Data section:
• • • •

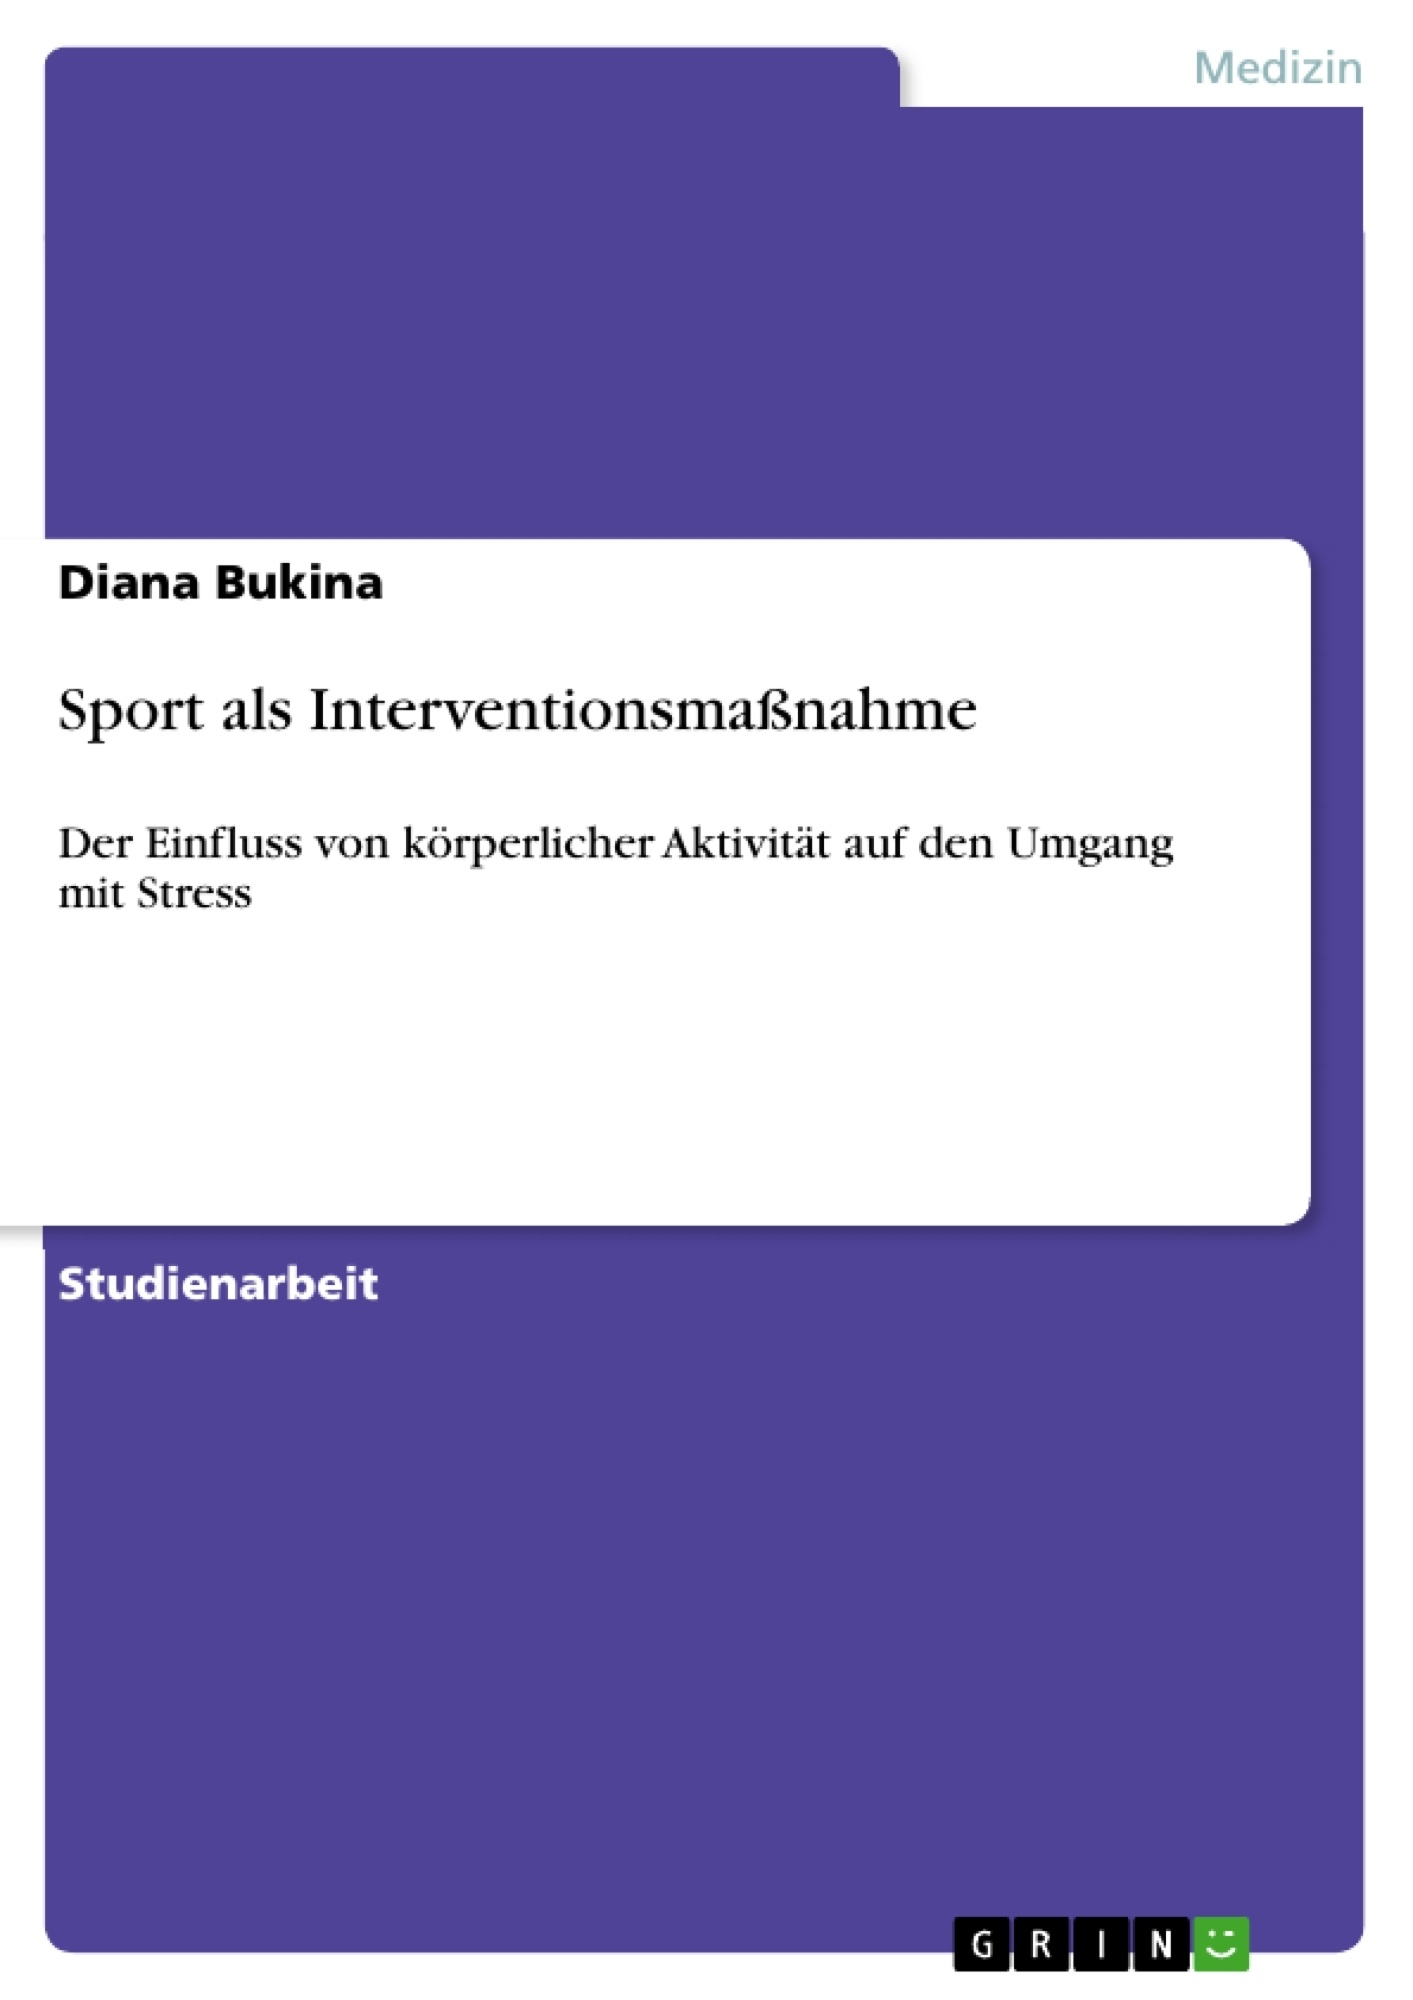 Titel: Sport als Interventionsmaßnahme
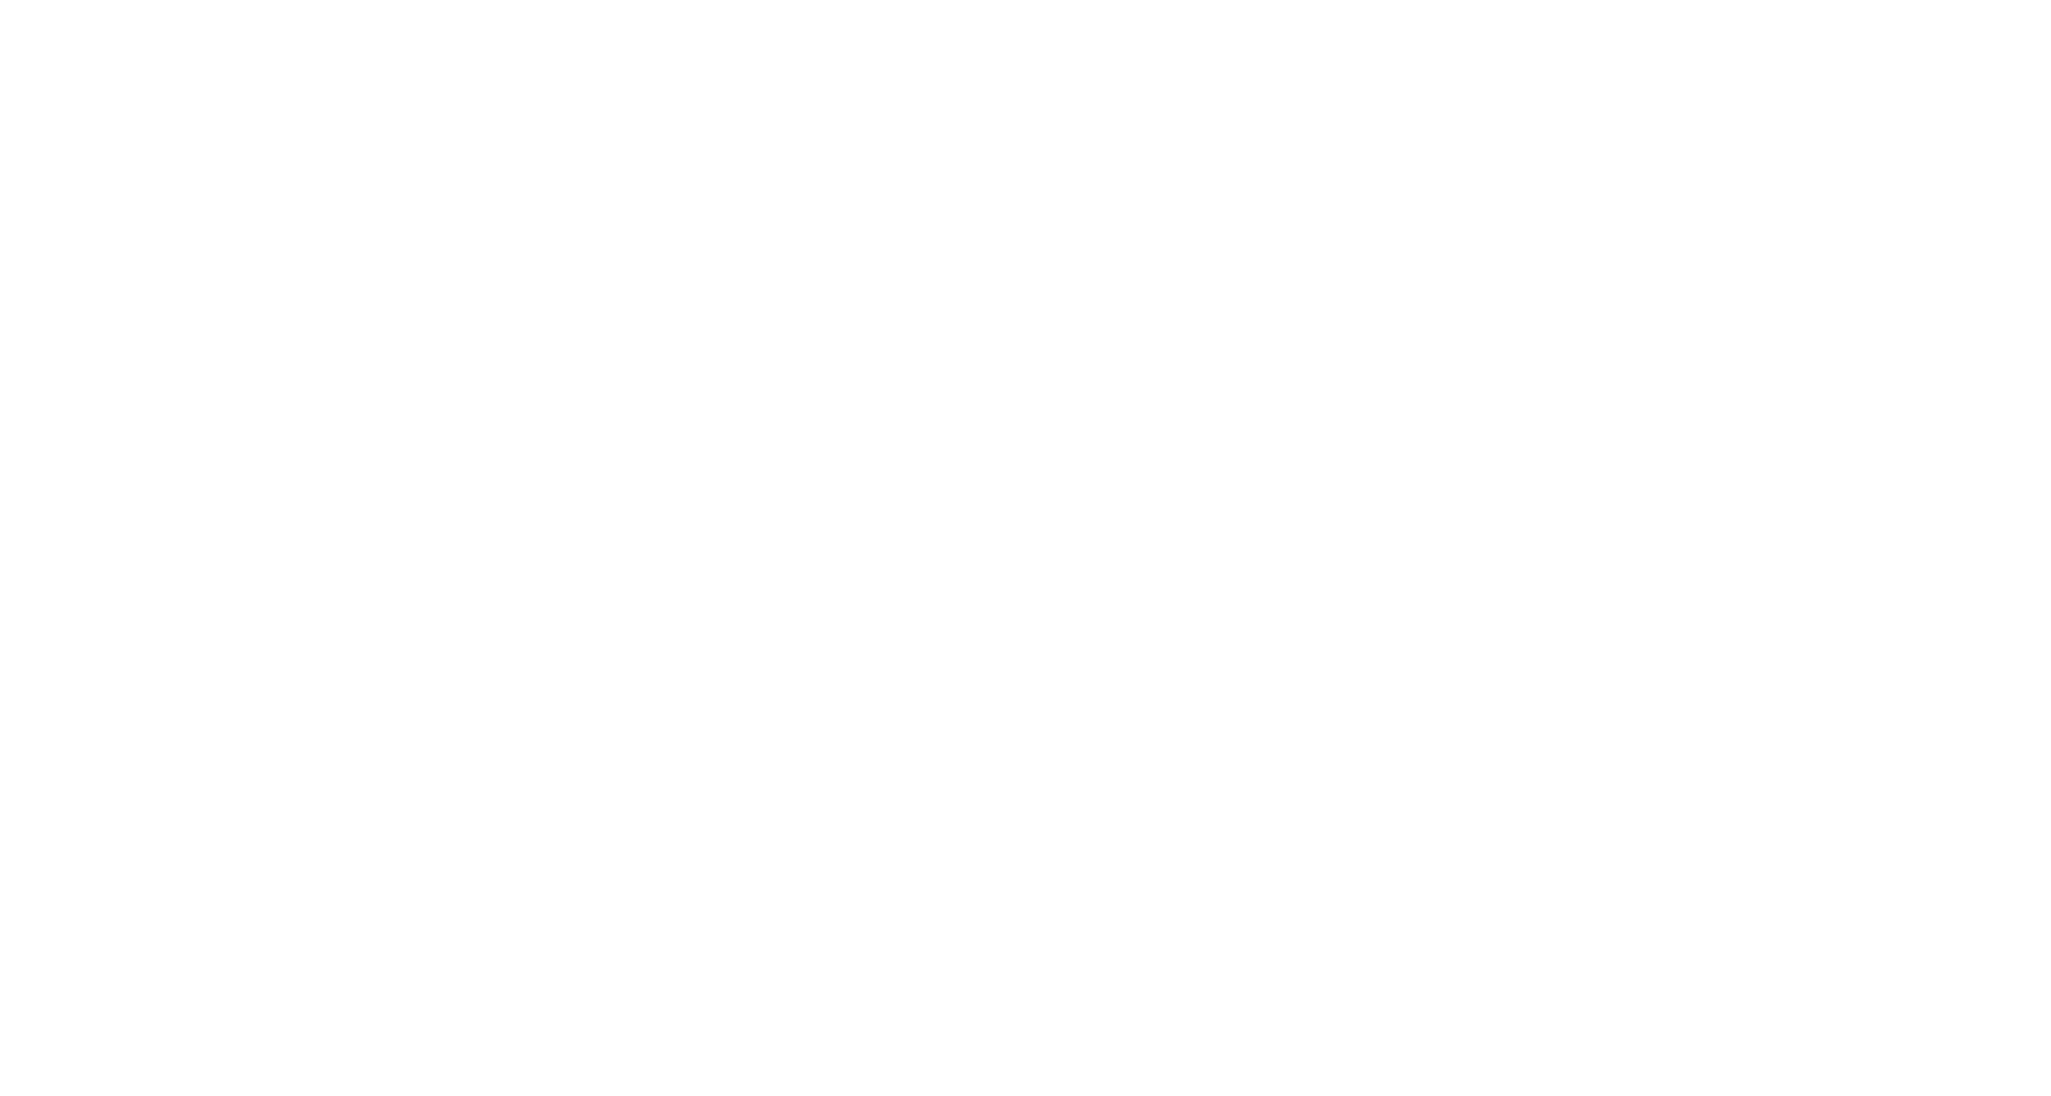 Logo viacash-barzahlen
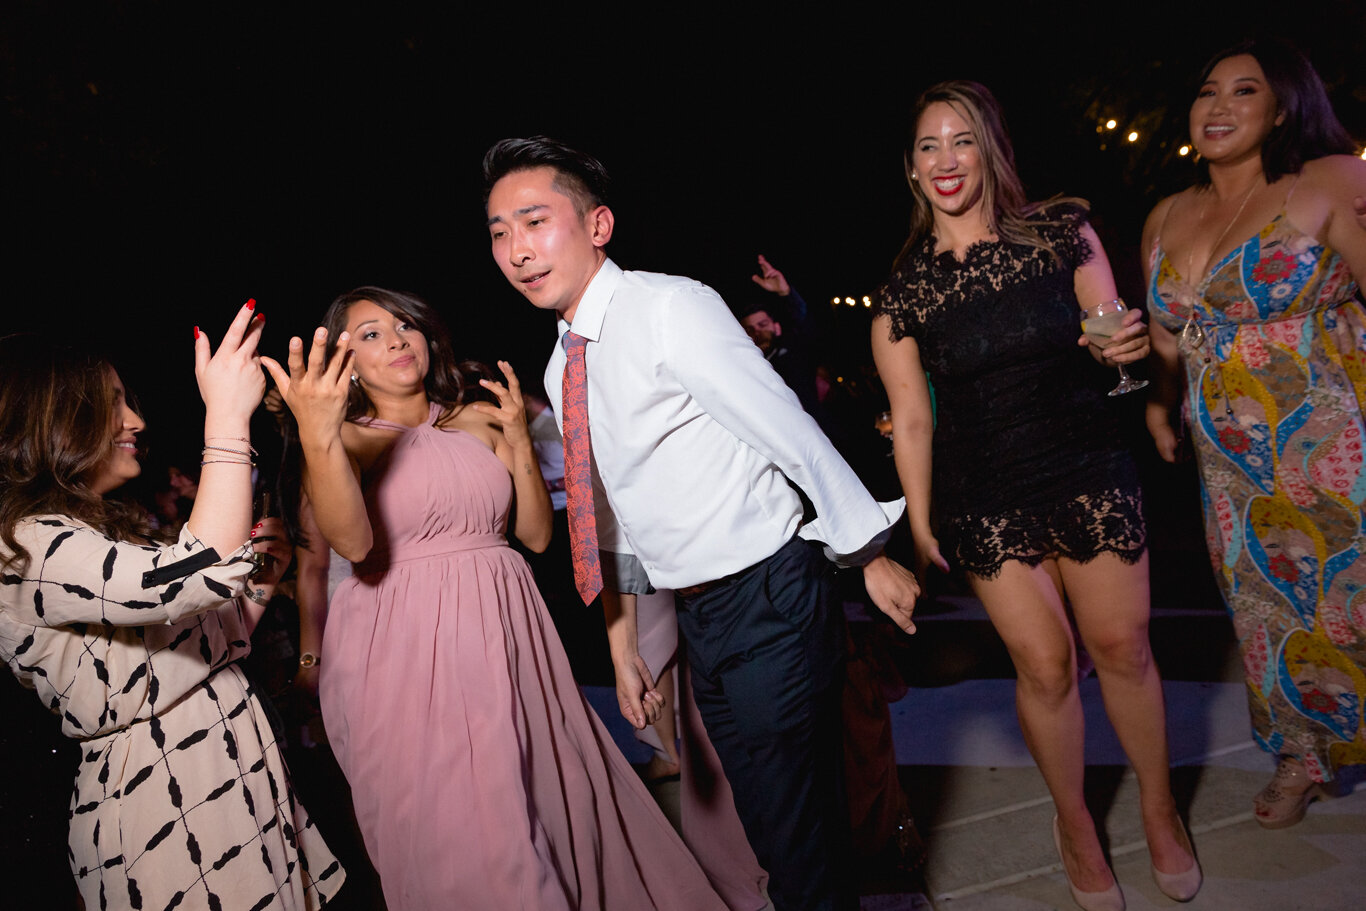 2019.08.24_Emily-Ashir-Wedding-at-the-Maples-6589.jpg
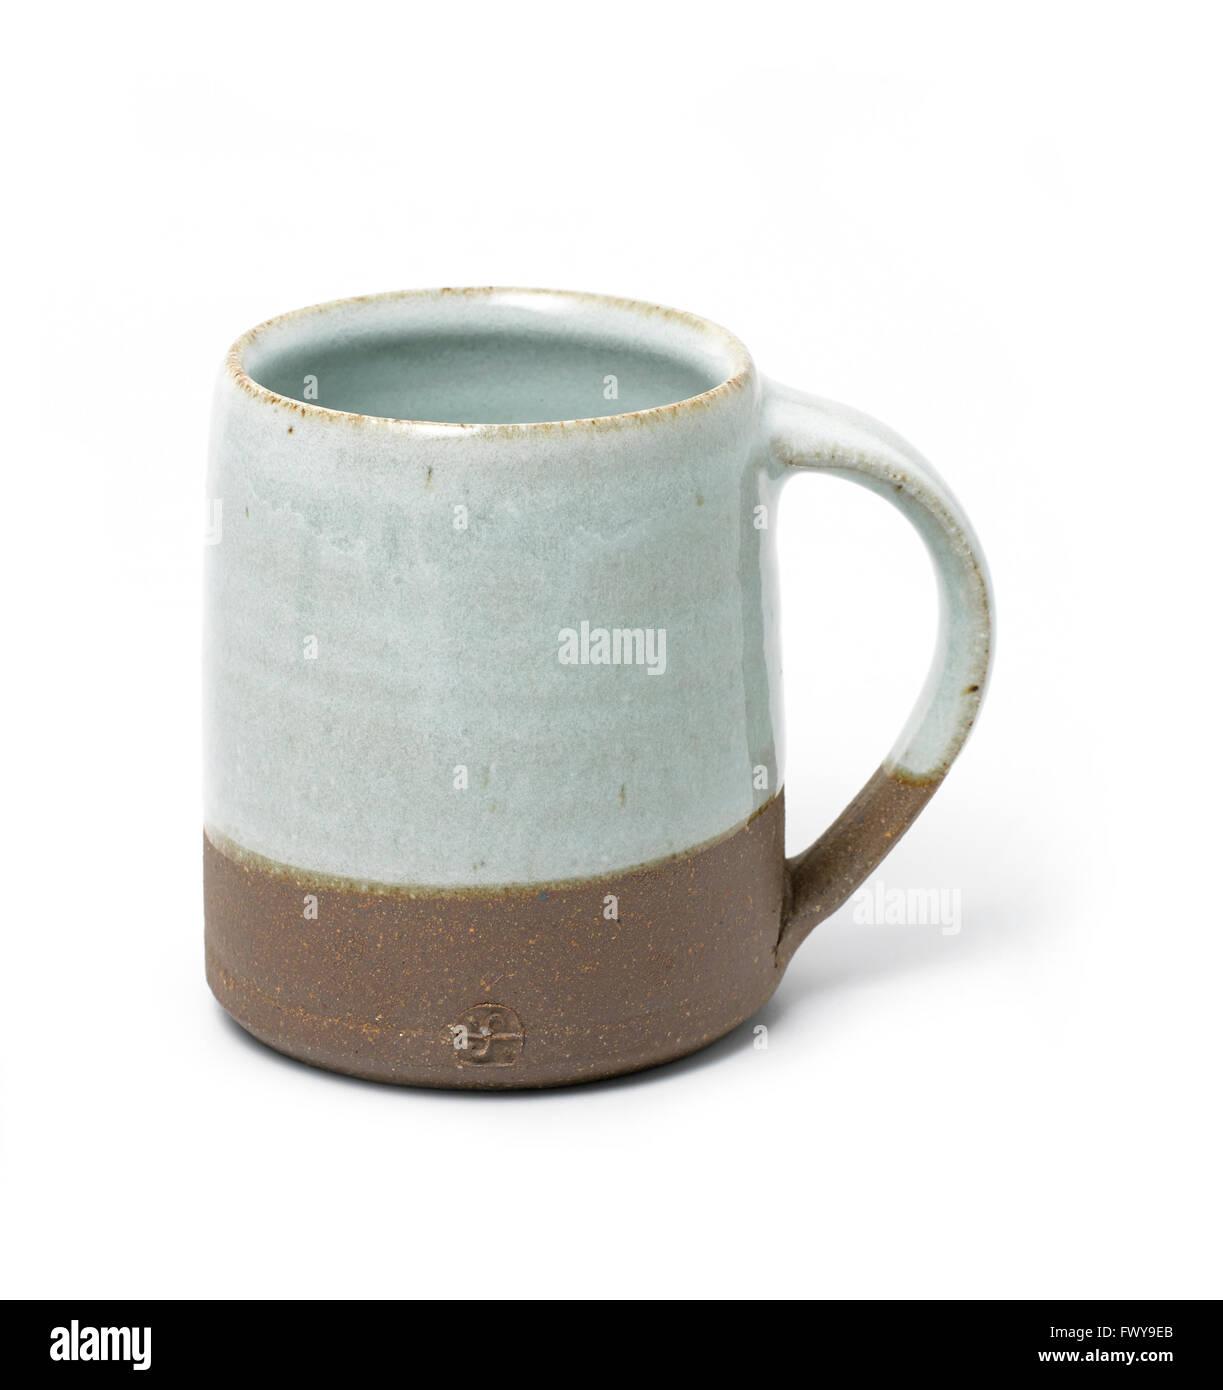 Earthenware grey brown mug white background - Stock Image

• • • •

Your goal:
The answer must be the full listing, restated word for word, with no pictures in it.

Written solution:
 Titel: Sport als Interventionsmaßnahme
 Logo viacash-barzahlen
 2019.08.24_Emily-Ashir-Wedding-at-the-Maples-6589.jpg
 Earthenware grey brown mug white background - Stock Image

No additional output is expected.